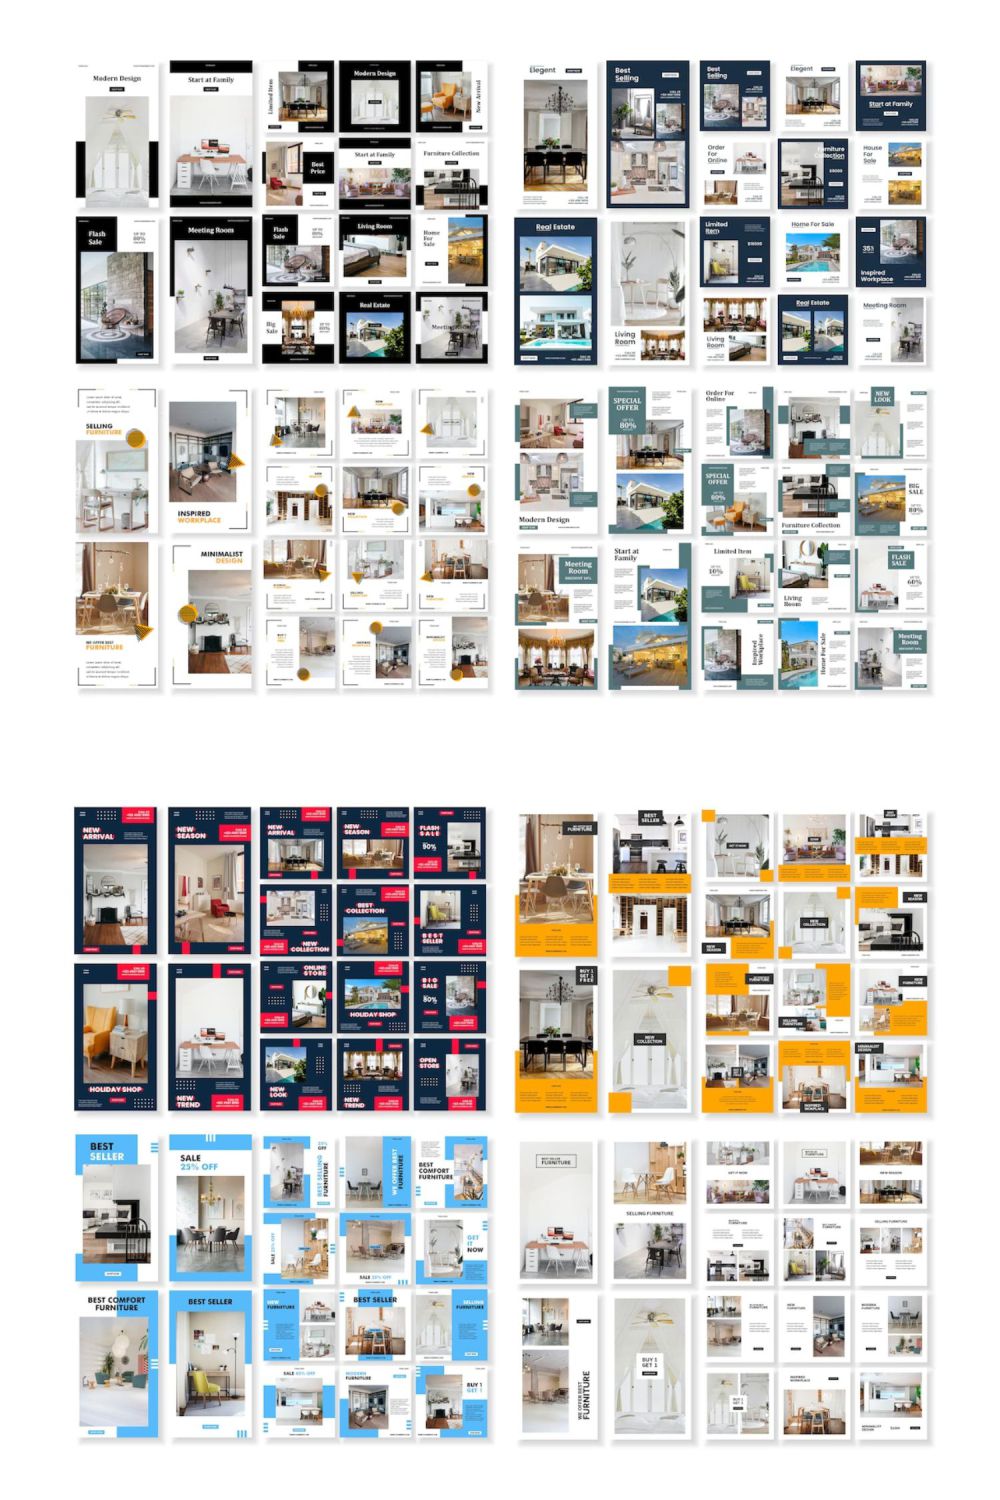 Social Media Bundle Template For Real Estate Pinterest Image.
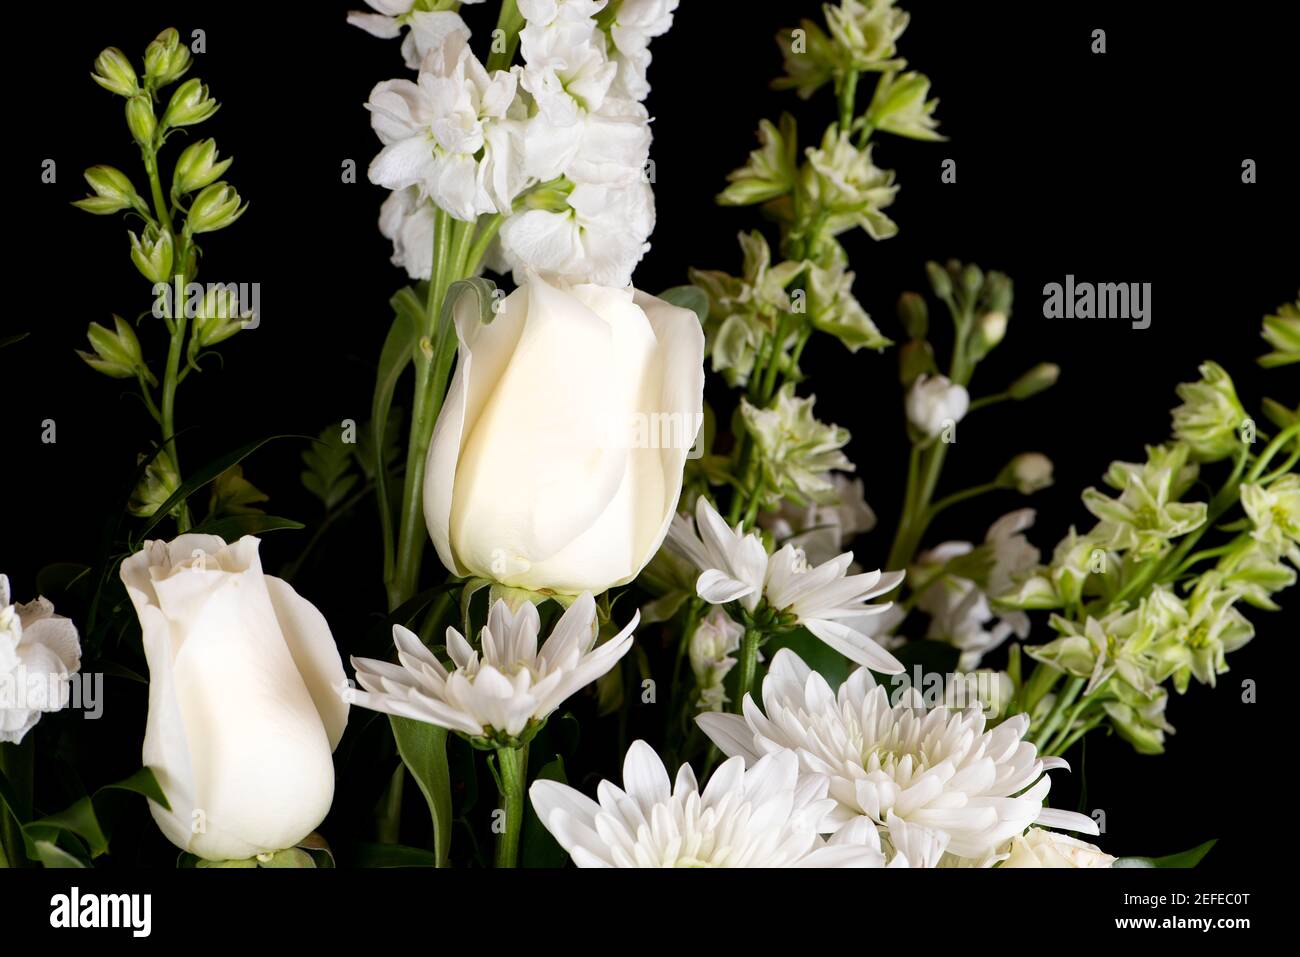 Beau bouquet d'une variété de fleurs blanches sur un arrière-plan noir Banque D'Images
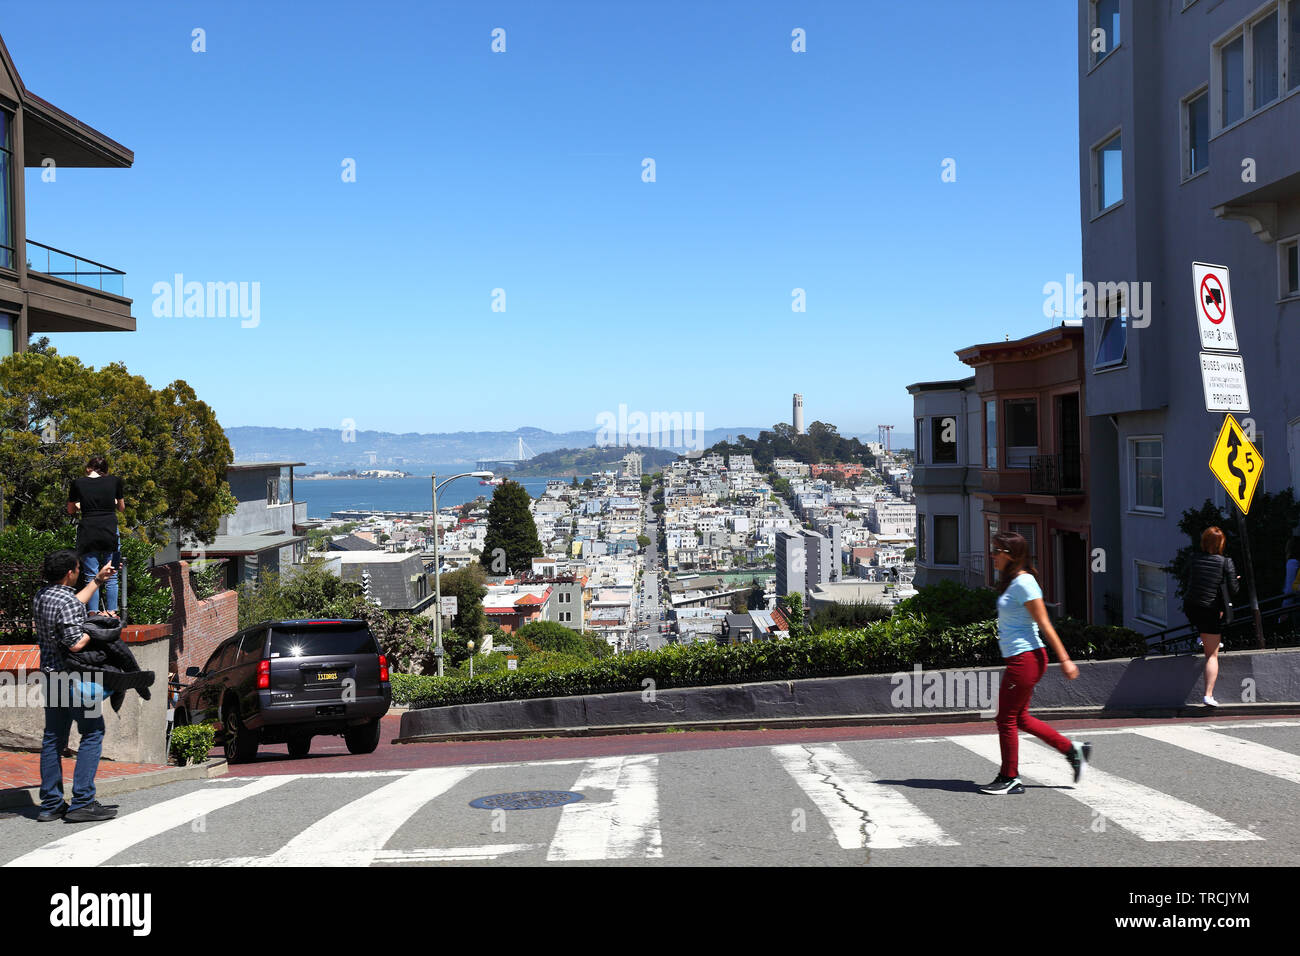 Immagine Editoriale San Francisco, Stati Uniti d'America. 22 Aprile 2019: Turisti in cima al famoso crooked Lombard Street guardando verso il Colle del Telegrafo. Foto Stock
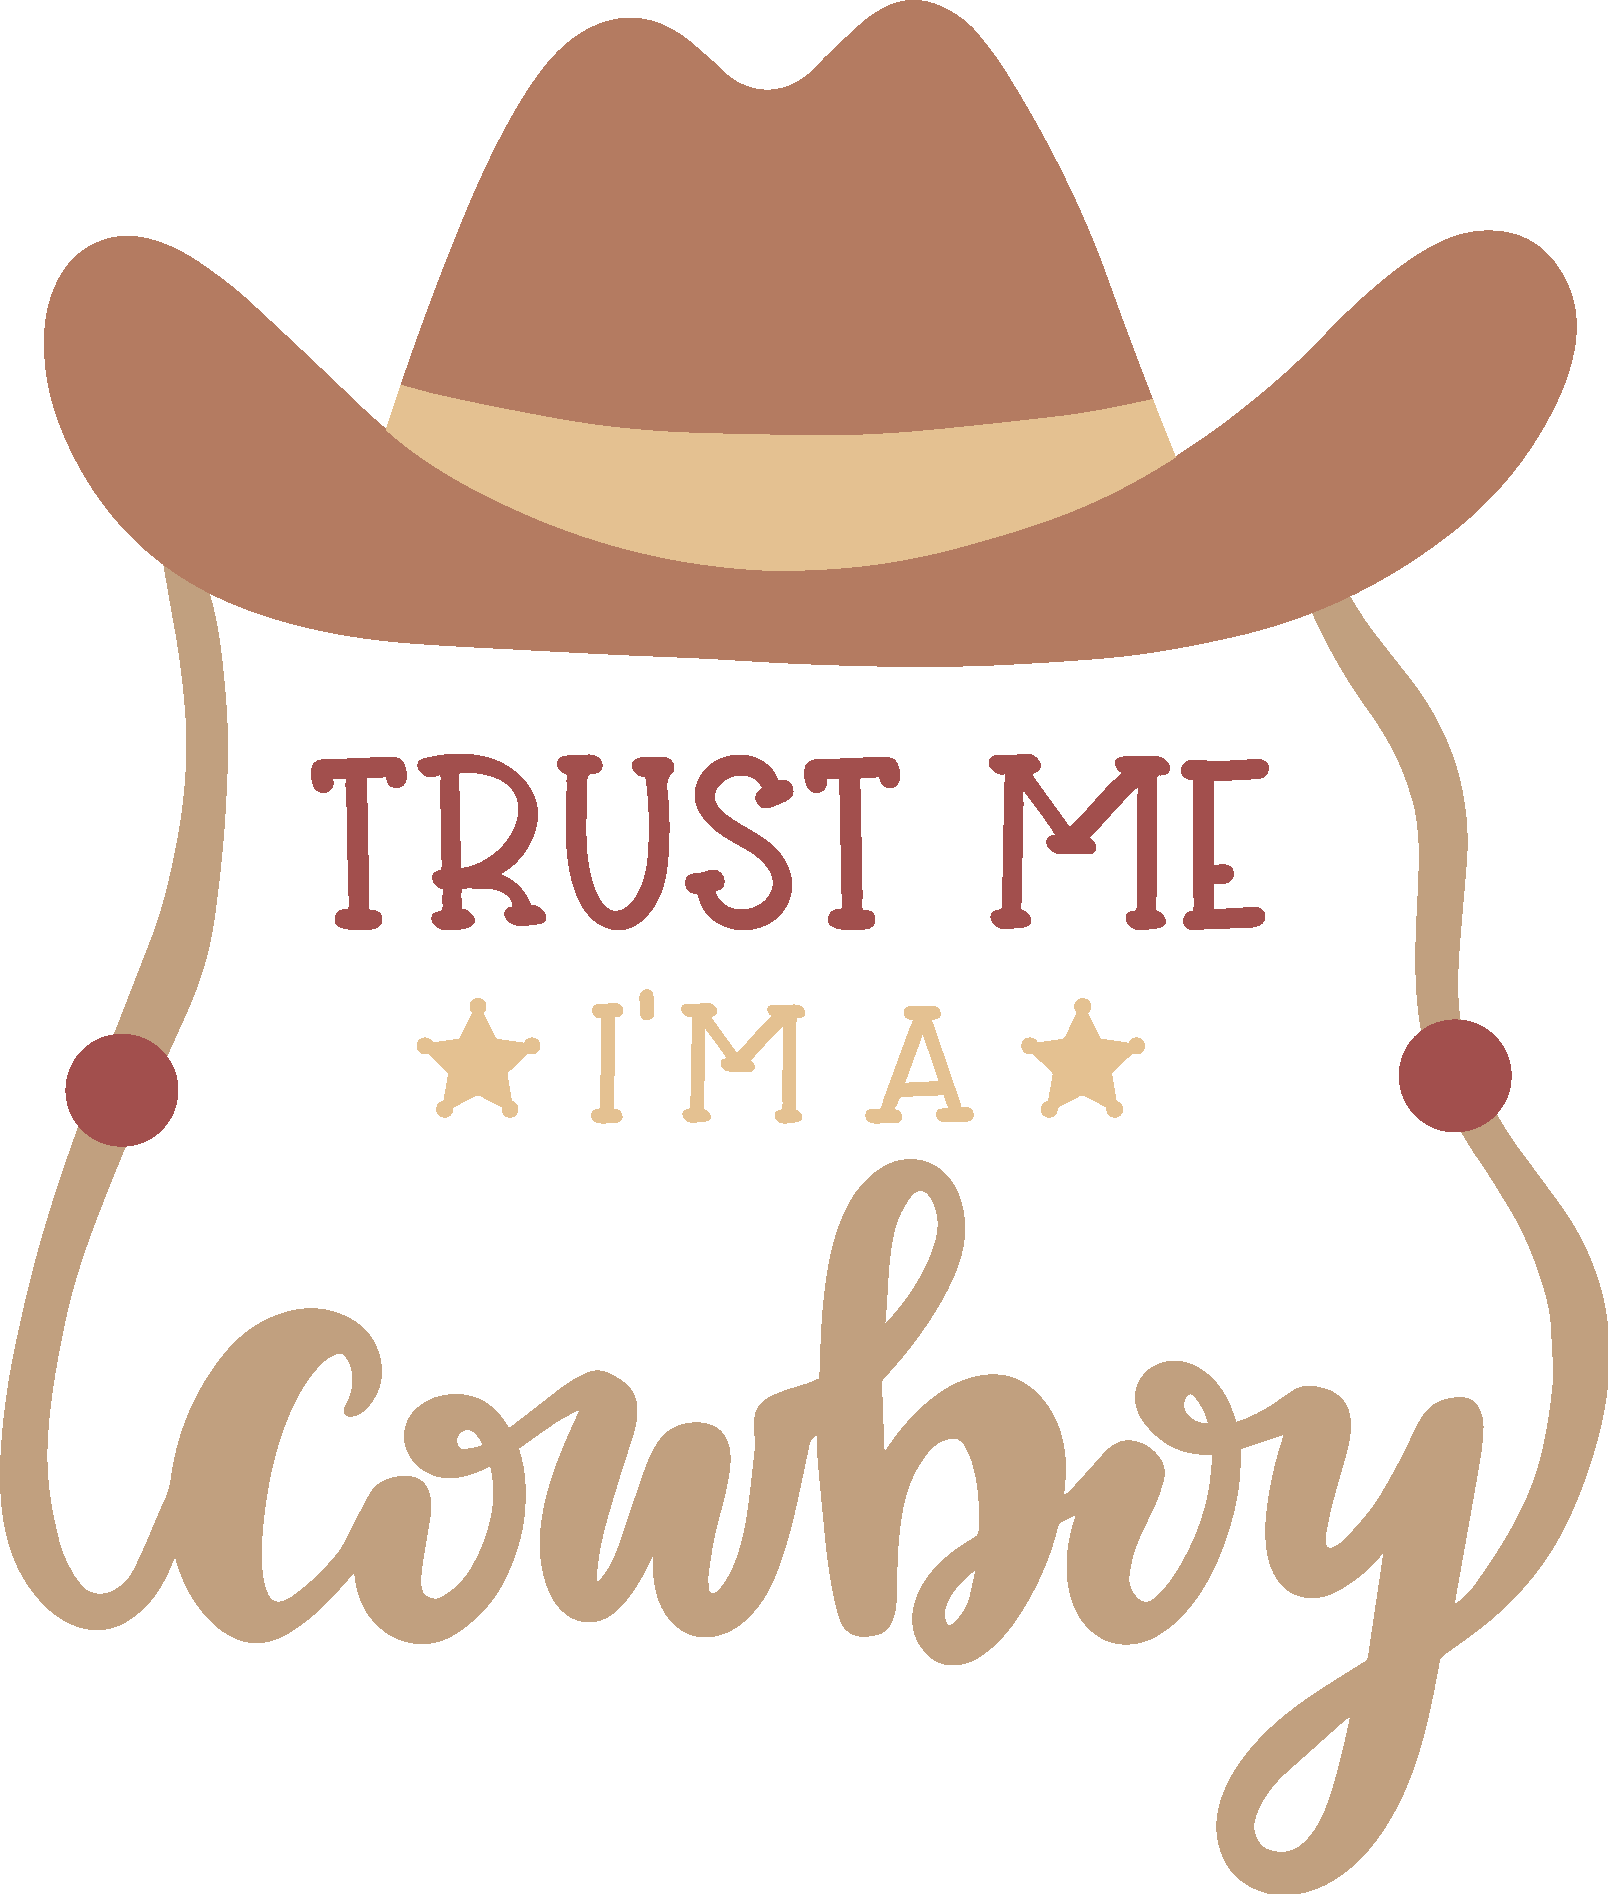 TRUST ME I’M A COWBOY Logo Vector.svg
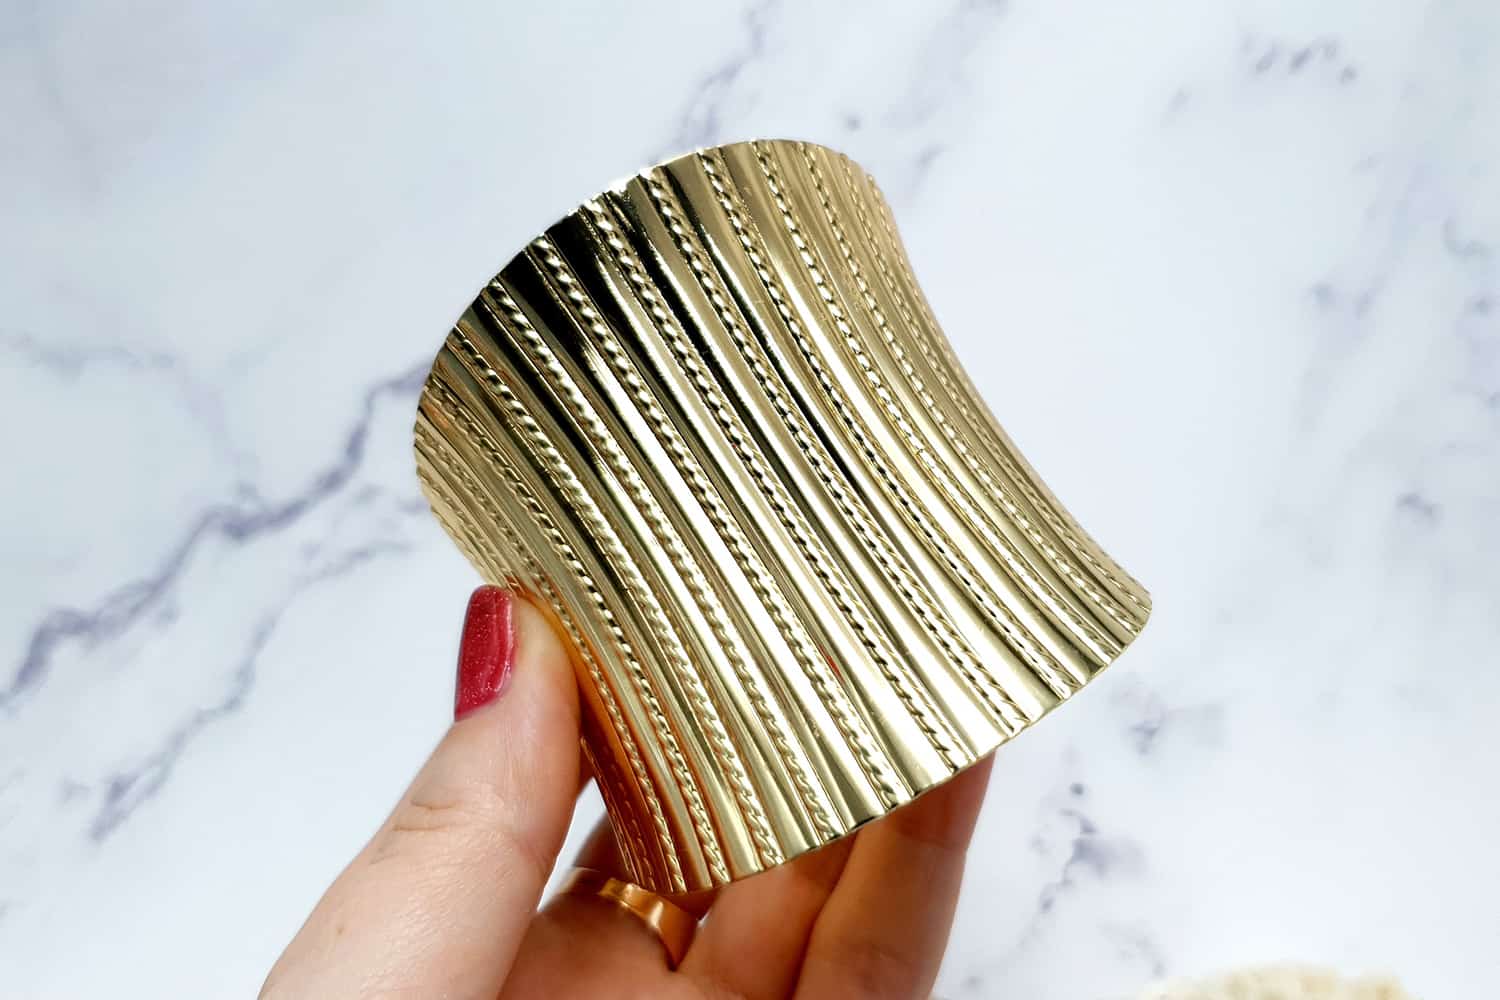 Bracelet metal base stripes pattern, golden color (23411)
========================================
ASSIGNMENT: Give again, word for word, the line that contains "Beau bouquet d'une" and every line after it through the end of the entries; omit the pictures.

ANSWER BOX:
 Beau bouquet d'une variété de fleurs blanches sur un arrière-plan noir Banque D'Images
 Immagine Editoriale San Francisco, Stati Uniti d'America. 22 Aprile 2019: Turisti in cima al famoso crooked Lombard Street guardando verso il Colle del Telegrafo. Foto Stock
 TRUST ME I’M A COWBOY Logo Vector.svg
 Bracelet metal base stripes pattern, golden color (23411)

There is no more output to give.